* **EXERCISE PROMPT**: Among the lines of the listing below, retype exactly those from the one containing "Arista Tulip Sleeve Midi Dress" through the one containing "Airline Pilot Training", both included. Do not include pictures.

* **MATERIAL SHOWN**:

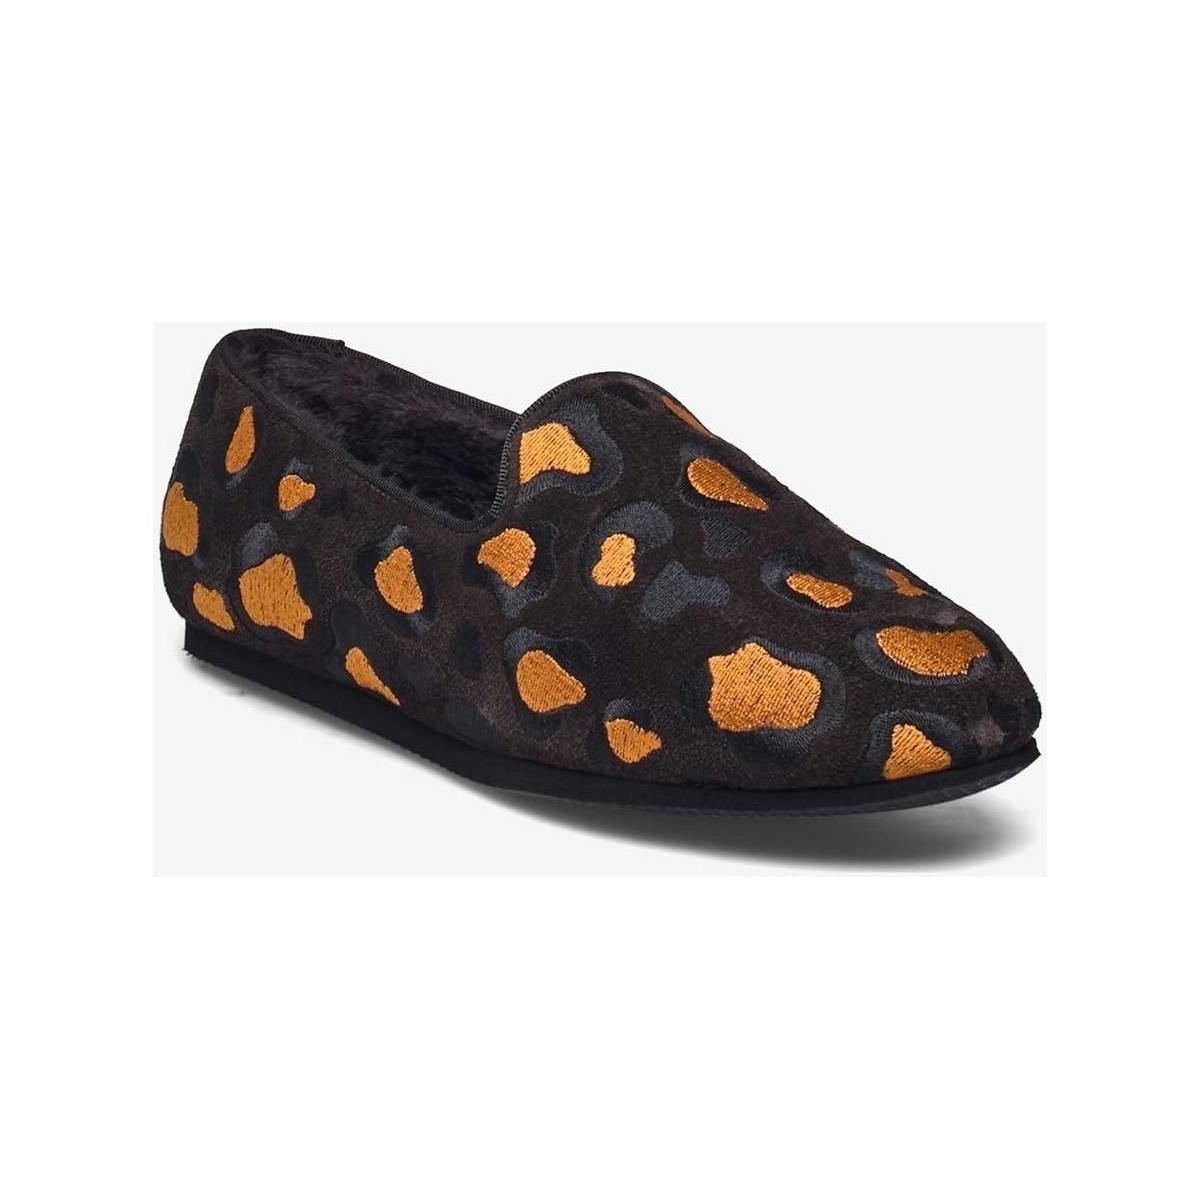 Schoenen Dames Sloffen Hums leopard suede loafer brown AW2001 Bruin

--

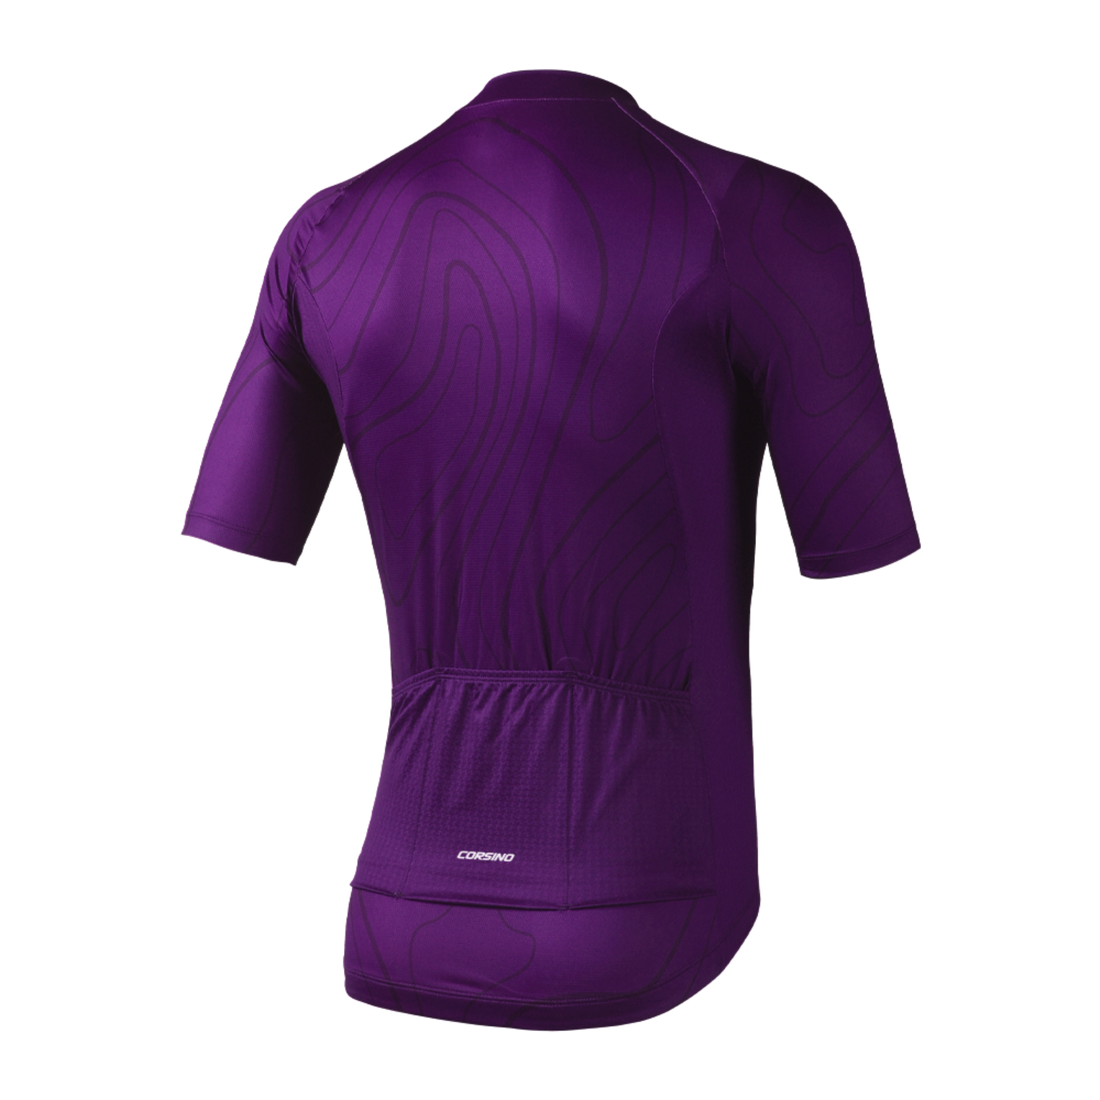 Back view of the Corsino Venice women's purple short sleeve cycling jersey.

---

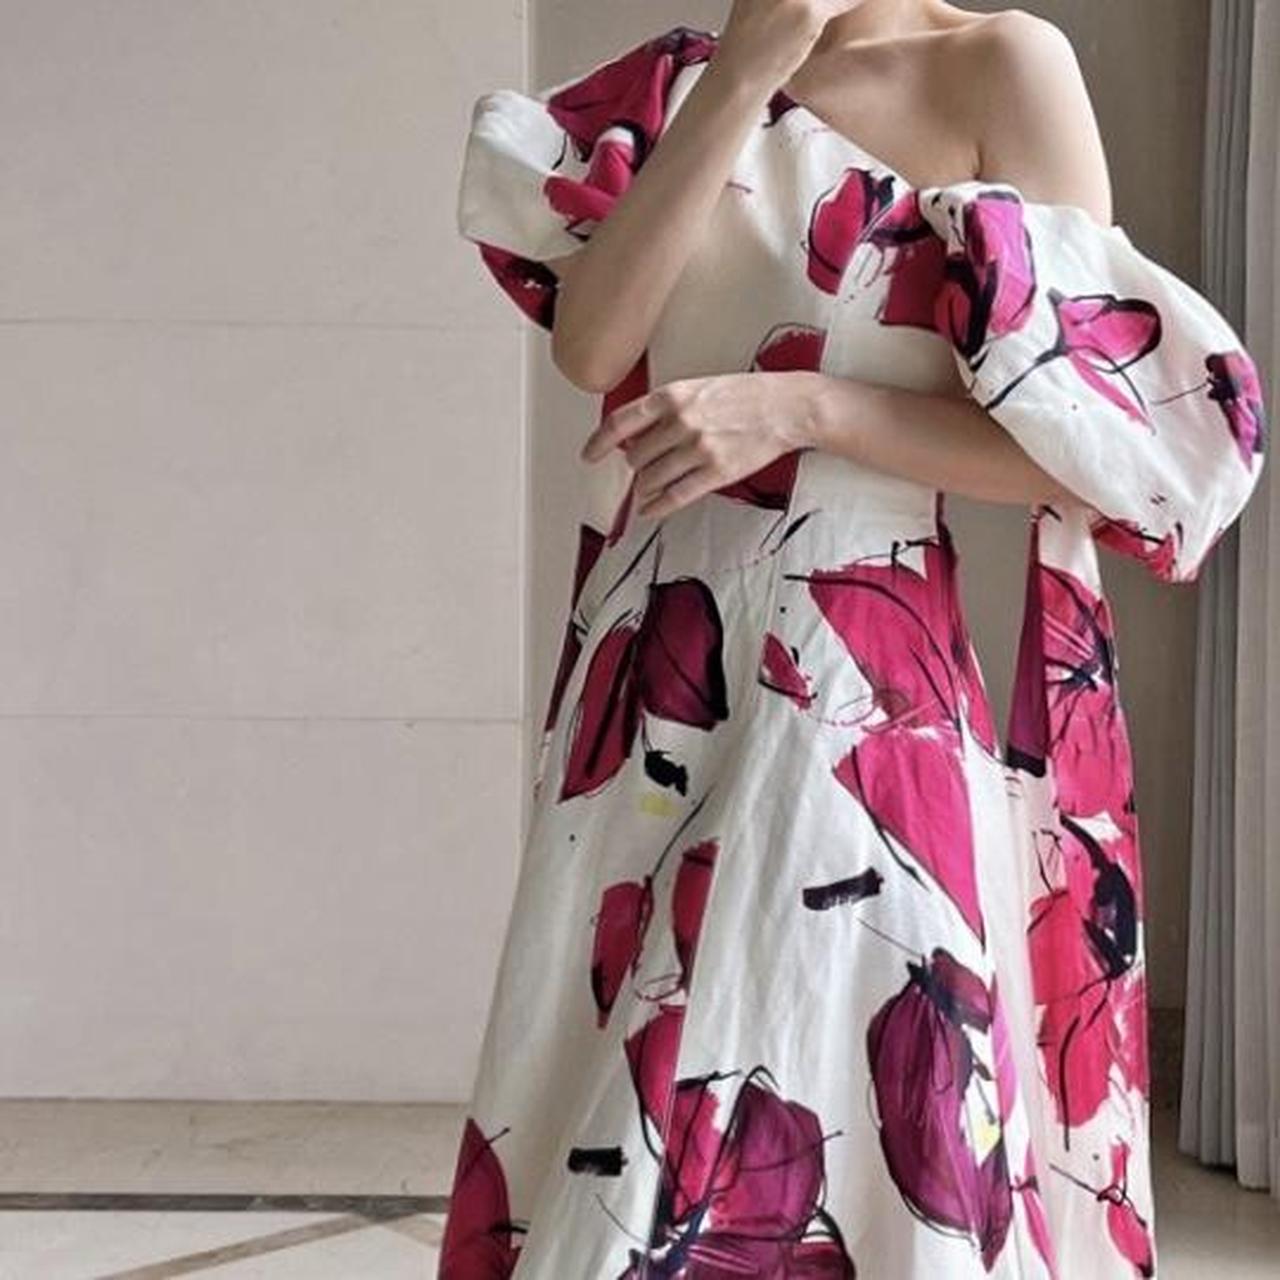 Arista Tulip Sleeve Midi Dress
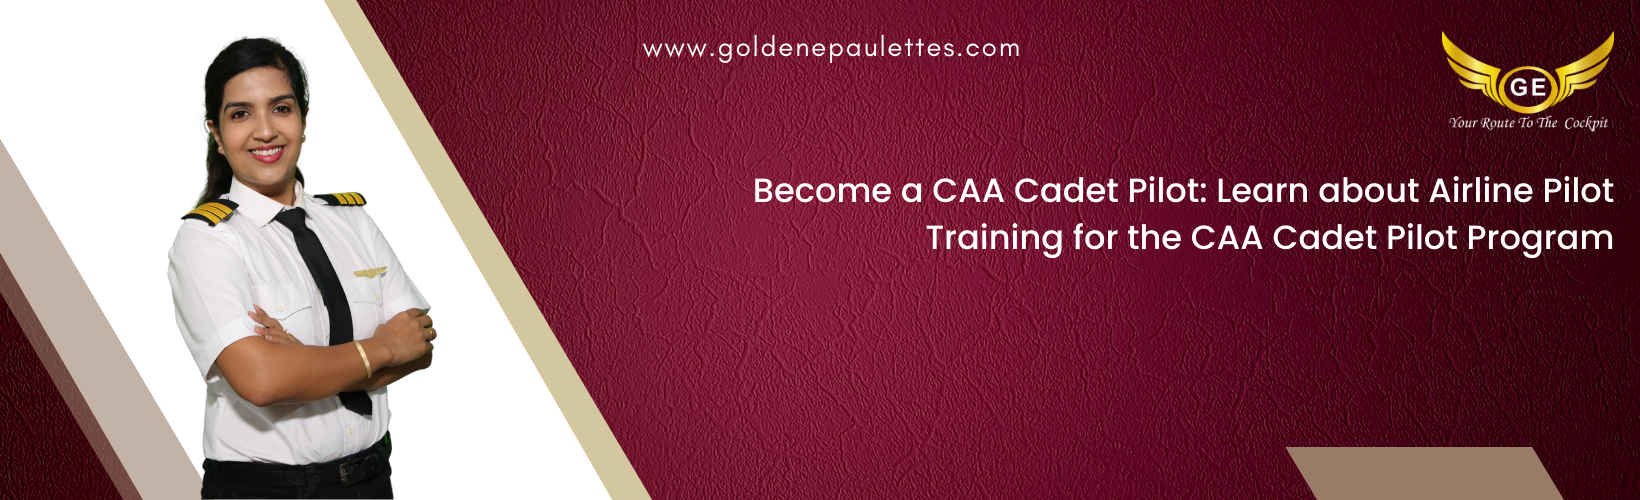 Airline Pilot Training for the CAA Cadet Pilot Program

* **PROBLEM SOLUTION**:
 Arista Tulip Sleeve Midi Dress
 Airline Pilot Training for the CAA Cadet Pilot Program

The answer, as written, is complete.